# Its a boy!!



## kittyeats (Nov 23, 2011)

Well, I got a call from the breeder for my hog today to confirm the time I'm getting it. Well, after double checking what baby was mine, it turned out Luna is a BOY!! :lol: It was a mistake, yes, but wheb she was a baby, she wanted to be with mama and i guess the breeder made a mistake. Well, so I don't have Luna, I now have a Sedrick! :lol:


----------



## atichy (Jan 30, 2012)

Congrats on your new baby! But be warned..they will take over your heart  Please share some pics as soon as you some.


----------



## Rainy (Jul 27, 2011)

Oh, congratulations! It's a boy.
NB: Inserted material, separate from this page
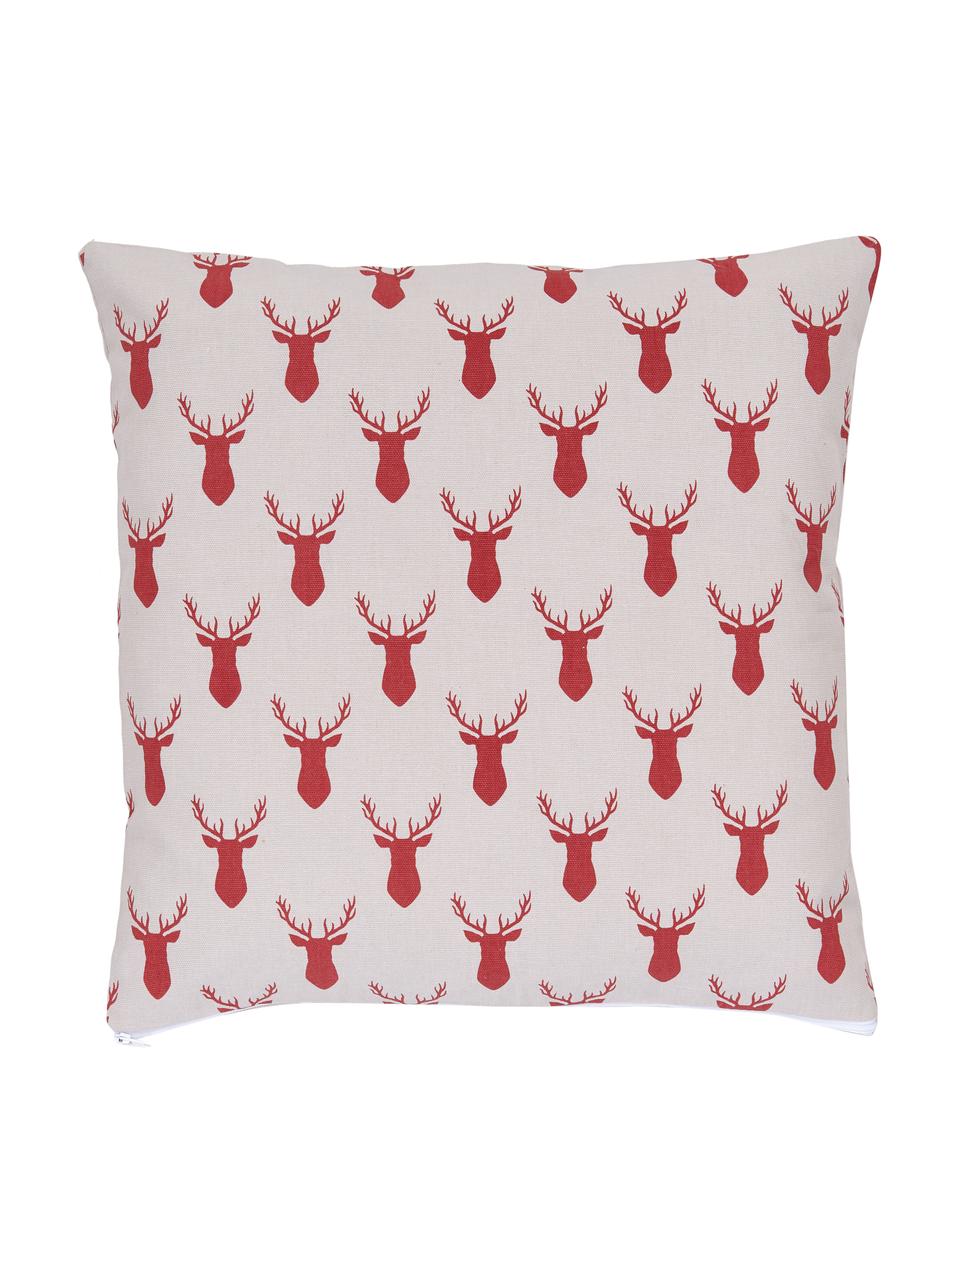 Dwustronna poszewka na poduszkę z bawełny Deer, 100% bawełna, Czerwony, S 45 x D 45 cm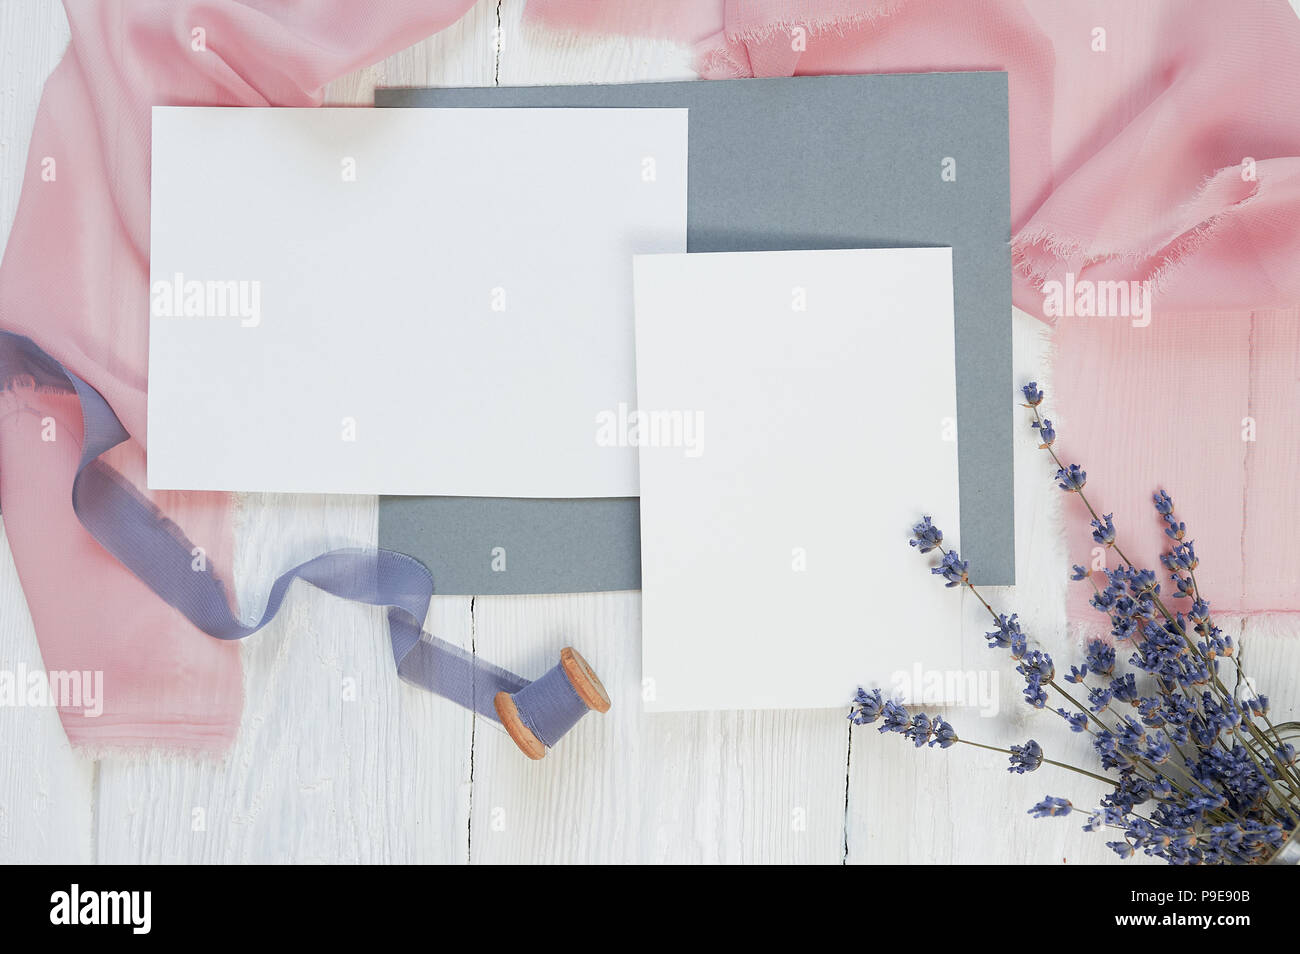 Carte vierge blanc ruban sur un fond de tissu rose et bleu avec des fleurs de lavande sur un fond blanc. Immersive avec enveloppe et carte vierge. Mise à plat. Vue d'en haut Banque D'Images

Yes, pictures are a must after Sedrick gets settled in.


----------



## vasogoma (Feb 25, 2012)

I want to see pictures of Sedrick too


----------



## kittyeats (Nov 23, 2011)

I'll try to post them.  
But for some reason, my phone says that " It is not possible to determine the photo size." 
Any body know what to do? 

Thanks!!


----------



## moxieberry (Nov 30, 2011)

Try emailing them to yourself, then save them from that and post from a computer.


----------



## kittyeats (Nov 23, 2011)

Thanks!!


----------